Whether it will actually work in an environment where Microsoft seems currently unable to come up with an OS which is worth a paid upgrade over XP is the real question. Rent seeking behaviour only works when no one is offering free accommodation with acceptable functionality. It's up to Microsoft to beat Linux now - it will be interesting to see if they do, and ultimately it will be users who reap the benefit of competition.
[sits back, reaches for popcorn]
Can there really be a moral (Score:5, Insightful)
Mr. Chesbrough isn't even subtle about it either--he openly advocates "selective enforcement" of the law to maintain dominance and smother the competition. He goes on further to explain how as a market goes from creation and growth phases into maturity (ie. they have their users trapped) that MS should then suddenly ramp up enforcement and start collecting payback. This is how drug dealers and the mafia operate, not how legitimate businesses are supposed to operate!
Either this clown is as ethically challenged as an Enron accountant or else he is a masterful troll. I can only hope it is the latter and he is trying to bring "A Modest Proposal" into the information age. I'd be careful if I were him though, because over the years, MS has gradually been moving towards the "Mafia business model" and is very nearly there: They already have the opinion that "if the Chinese are pirating it should at least be our stuff", have "favourite customers" that pay only a small fraction of the US retail price...and they are already making patent "protection money" deals with skittish Linux companies. They need no more encouragement from the likes of Business Week and its editors.
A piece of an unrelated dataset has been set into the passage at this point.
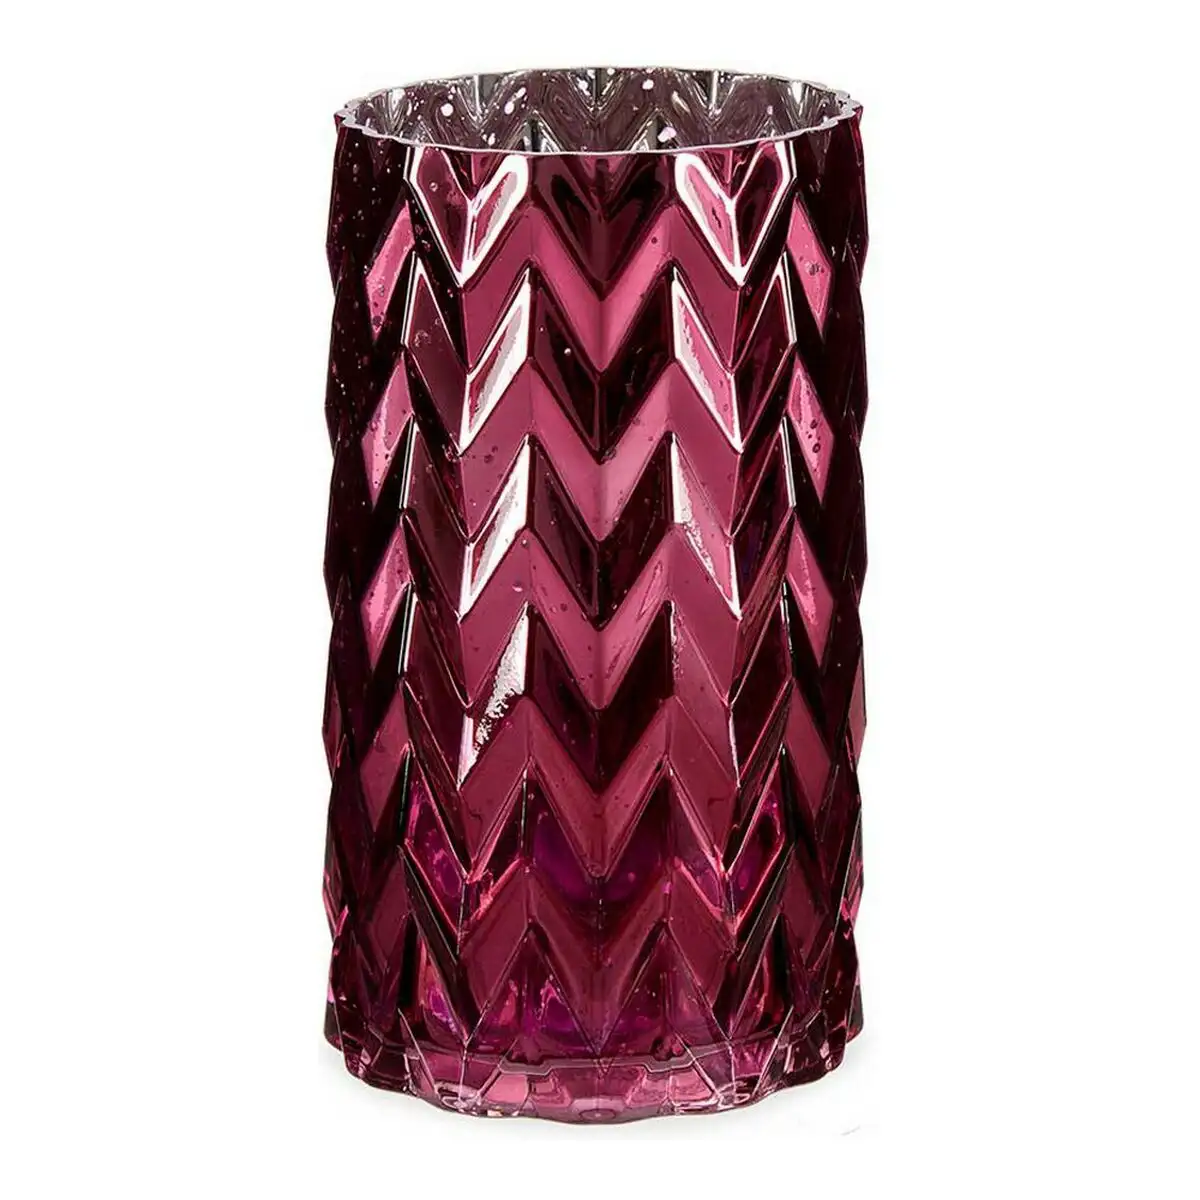 Vase rose taille epis verre 11 3 x 19 5 x 11 3 cm _9646. DIAYTAR SENEGAL - L'Art de Trouver ce que Vous Aimez. Plongez dans notre assortiment varié et choisissez parmi des produits qui reflètent votre style et répondent à vos besoins.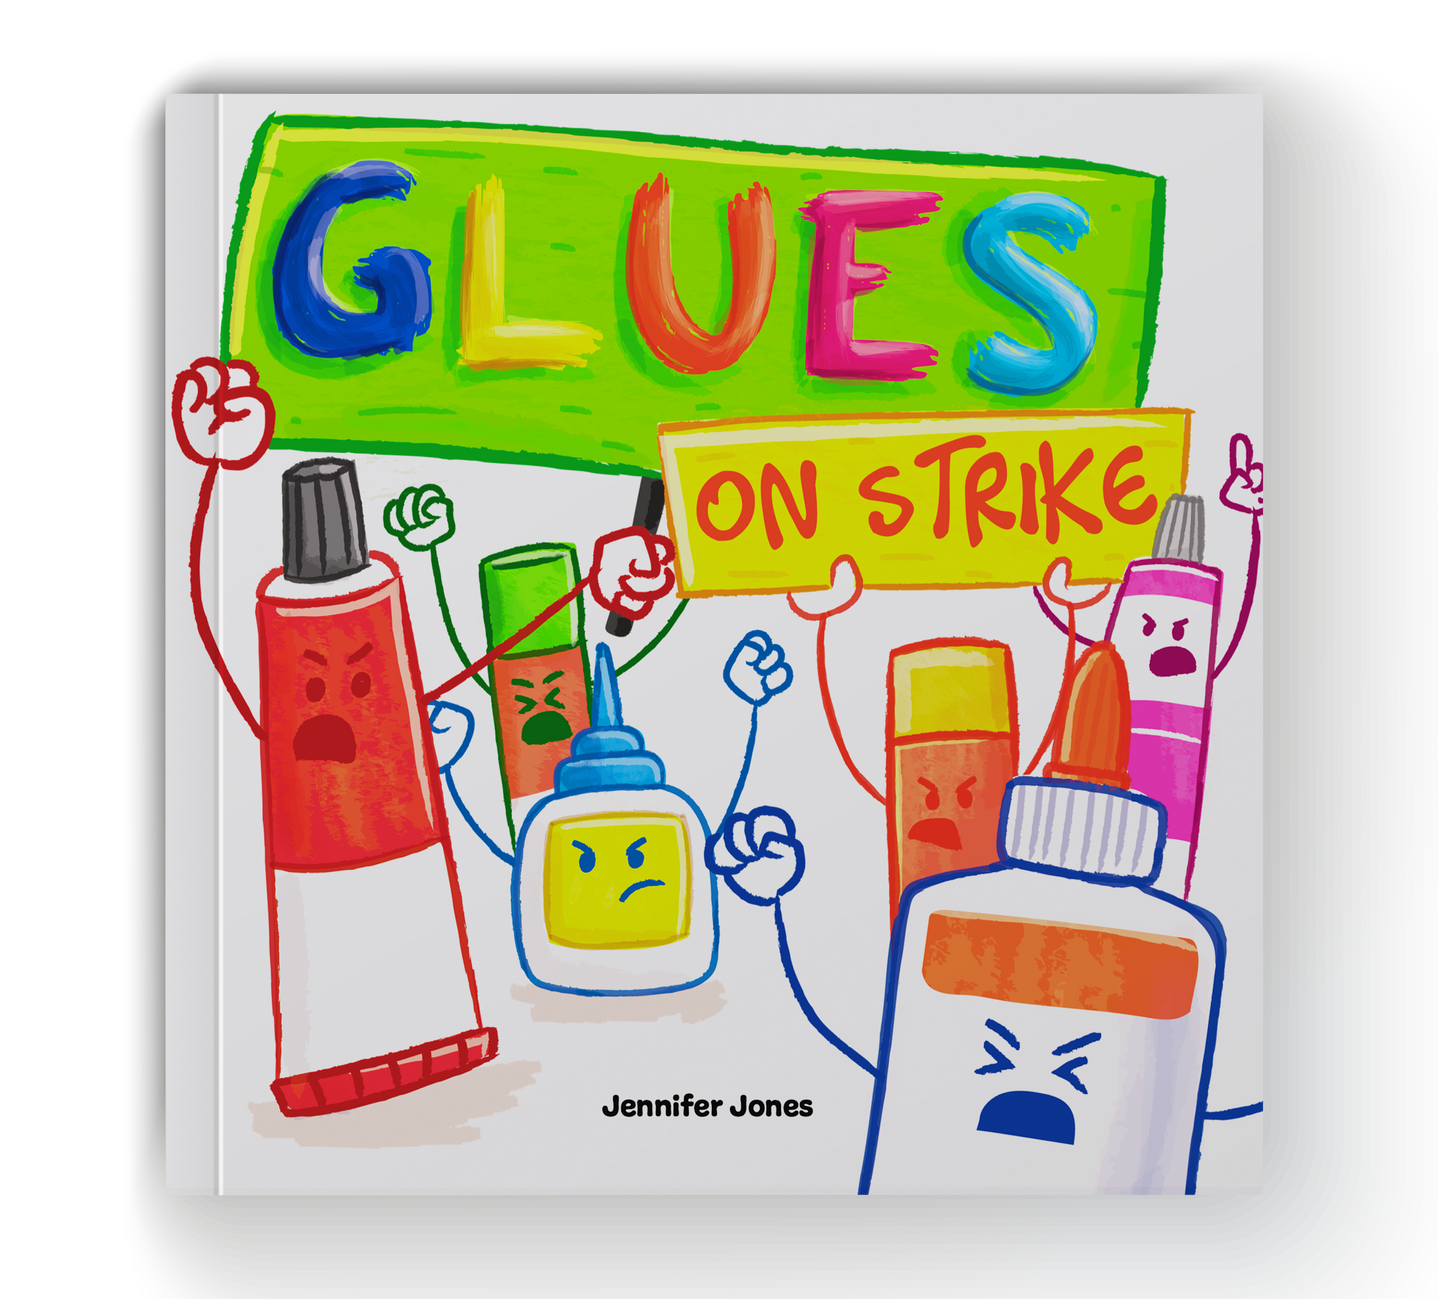 Glues On Strike Book + Lesson Plan Bundle

Whew, my hopes are confirmed (Score:5, Informative)
Henry Chesbrough is Executive Director of the Center for Open Innovation at the Haas School of Business at UC Berkeley. He is the author of Open Business Models: How to Thrive in the New Innovation Landscape (Harvard Business School Press, 2006). He is an authority on open innovation, open business models, and more open approaches to intellectual property management.
'twas a masterful troll Mr. Chesbrough. Jonathan Swift would be proud.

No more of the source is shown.